Genres (19 categories):

Action, Adventure, Animation, Biography, Comedy, Crime, Documentary, Drama, Family, Fantasy, History, Horror, Musical, Mystery, Romance, Sci-Fi, Thriller, War, Western

Themes (25 categories):

Coming-of-Age, Redemption, Revenge, Love-Triangle, Fish-Out-of-Water, Good-vs-Evil, Underdog, Betrayal, Sacrifice, Identity-Crisis, Father-Son, Time-Loop, Artificial-Intelligence, Dystopian-Society, Heist, Road-Trip, Survival, Corruption, Mental-Illness, Technology-Dependence, Class-Struggle, Alien-Contact, Superhero-Origin, Found-Family, Moral-Ambiguity

Note: While the database includes release years for each movie, the current generation algorithm does not use temporal information for clustering. Test cases are created purely based on genre and theme similarities.

Question Templates¶

The generator uses a variety of question templates to create natural, diverse problem statements. Templates are randomly selected to avoid predictable phrasing patterns while maintaining consistent task requirements.

Template Categories¶

Direct Similarity Queries¶

"Which movie is most similar to {reference_movies}?"
"Which movie shares the most characteristics with {reference_movies}?"
"Which movie fits the same pattern as {reference_movies}?"

Recommendation Framing¶

"Based on these movies: {reference_movies} - which would you recommend next?"
"If you enjoyed {reference_movies}, which movie would you like most?"
"If you liked {reference_movies}, what should you watch next?"
"Which movie would appeal to someone who enjoys {reference_movies}?"

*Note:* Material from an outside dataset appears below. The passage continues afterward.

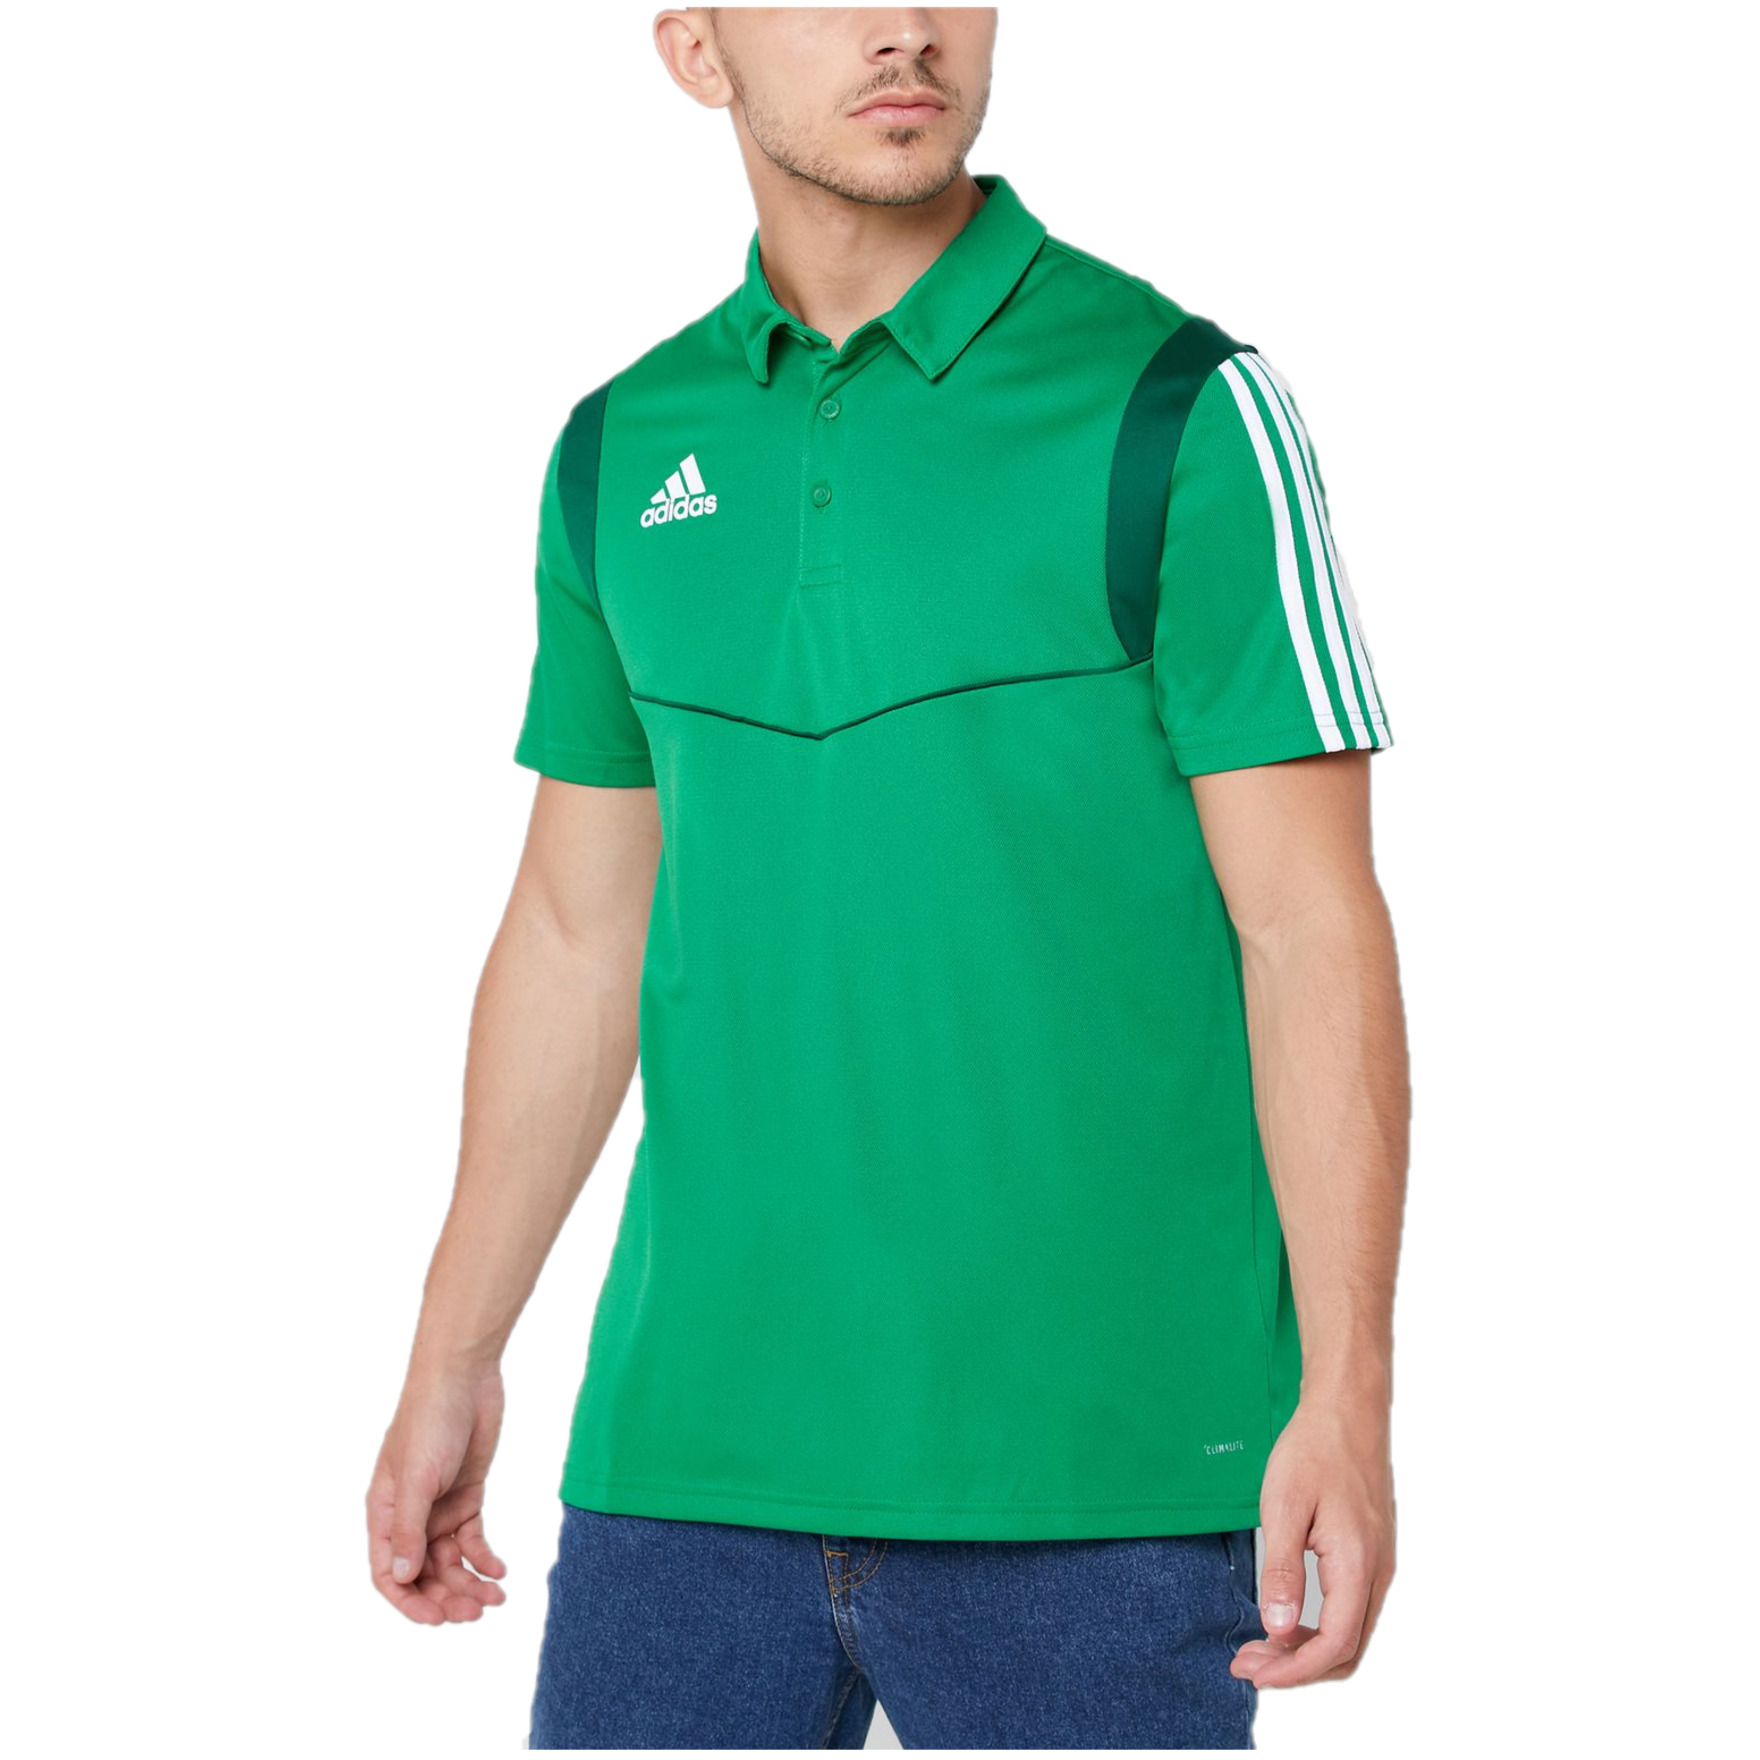 adidas Football Polo Shirt (Size S) Men's Tiro19 Logo Print Polo Top - New

User Preference Simulation¶

"I loved {reference_movies}, what should I watch next?"
"If {reference_movies} are your favorites, which would you add to the list?"
"Based on these movies, which would you recommend: {reference_movies}?"

Group Membership¶

"Which movie belongs with this group: {reference_movies}?"
"Complete this movie collection: {reference_movies}."

Template Structure¶

Each question follows a consistent format:

Opening Statement: The question prompt with reference movies inserted
Options Header: "Options:" separator line
Lettered Choices: Multiple choice options formatted as "(A) Movie Title"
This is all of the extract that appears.